0

How to get Absolute file path within a specified directory and ignore dot(.) directories and dot(.)files

I have below solution, which will provide a full path within the directory recursively,

Help me with the fastest way of list files with full path and ignore .directories/ and .files to list

(Directory may contain 100 to 500 millions files )

import os

def absoluteFilePath(directory):
    for dirpath,_,filenames in os.walk(directory):
        for f in filenames:
            yield os.path.abspath(os.path.join(dirpath, f))
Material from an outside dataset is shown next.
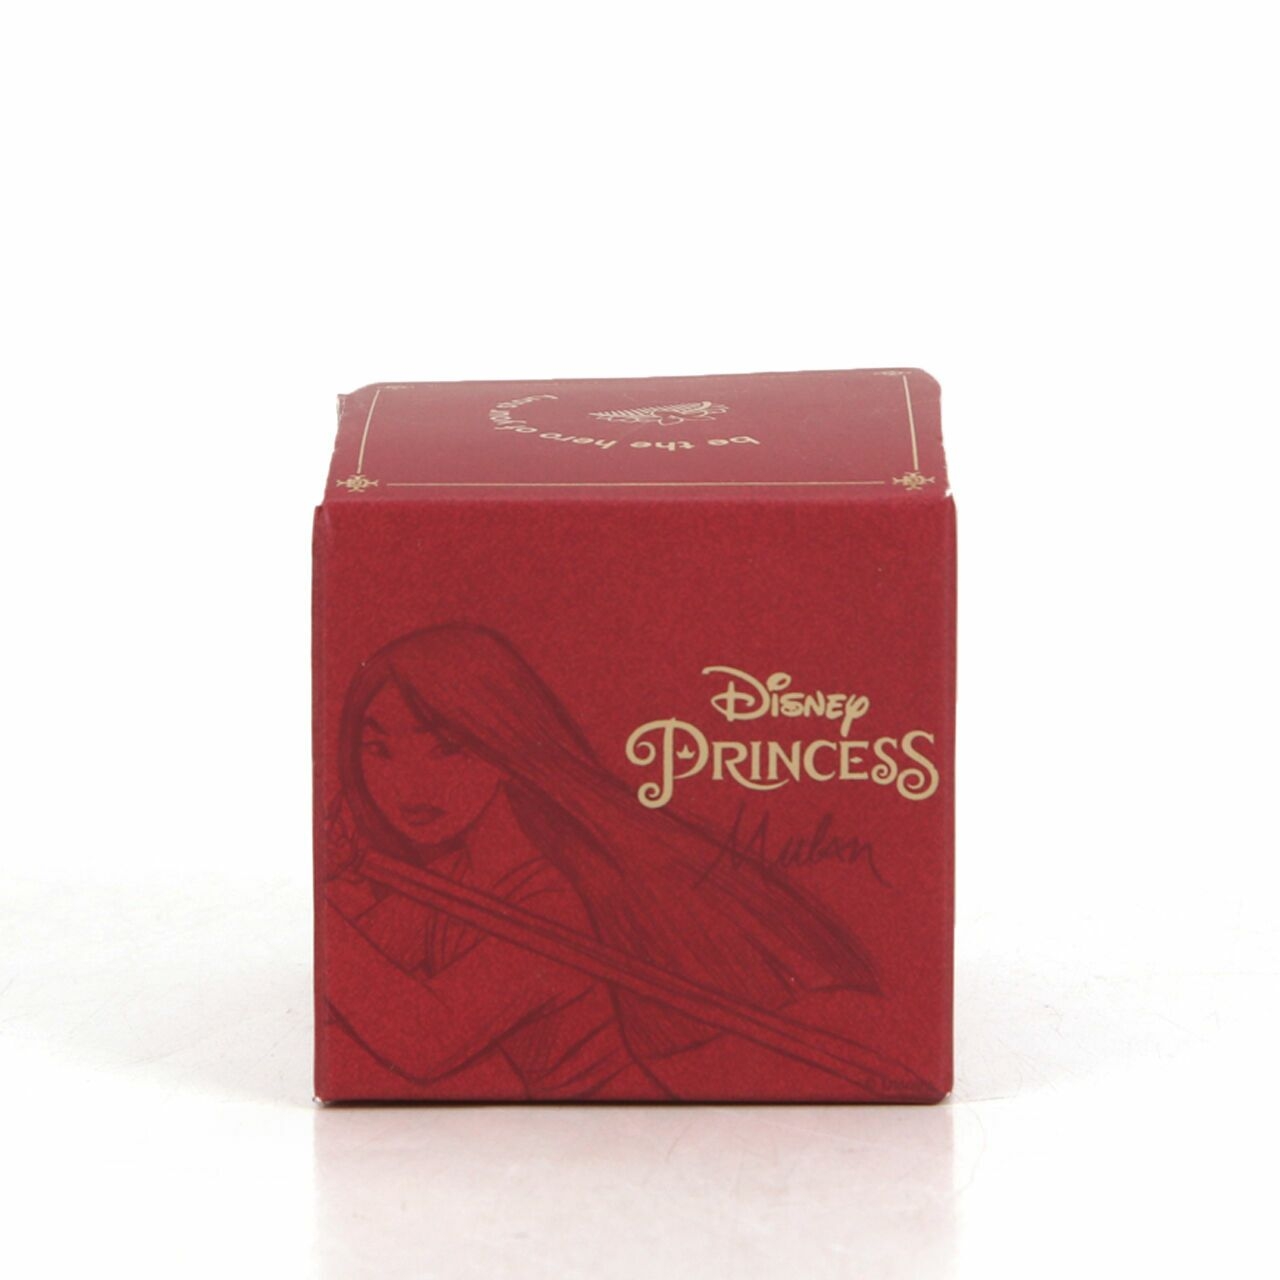 Secondate x Disney Princess Dynasty Face Castle Faces

for files in absoluteFilePath("/my-huge-files"):
    #use some start with dot logic ? or any better solution

Example:

/my-huge-files/project1/file{1..100} # Consider all files from file1 to 100
/my-huge-files/.project1/file{1..100} # ignore .project1 directory and its files (Do not need any files under .(dot) directories)
/my-huge-files/project1/.file1000 # ignore .file1000, it is starts with dot 
Pejman Kheyri
  • 4,044
  • 9
  • 32
  • 39
Vidya
  • 547
  • 1
  • 10
  • 26
  • see this https://stackoverflow.com/questions/13454164/os-walk-without-hidden-folders/25246828. It may not 100% fit your need since walk goes to sub folders of hidden folders, but implement your own recursive version is simple, just go back to os.listdir – Bing Wang Mar 01 '21 at 05:29

2 Answers2

0

os.walk by definition visits every file in a hierarchy, but you can select which ones you actually print with a simple textual filter.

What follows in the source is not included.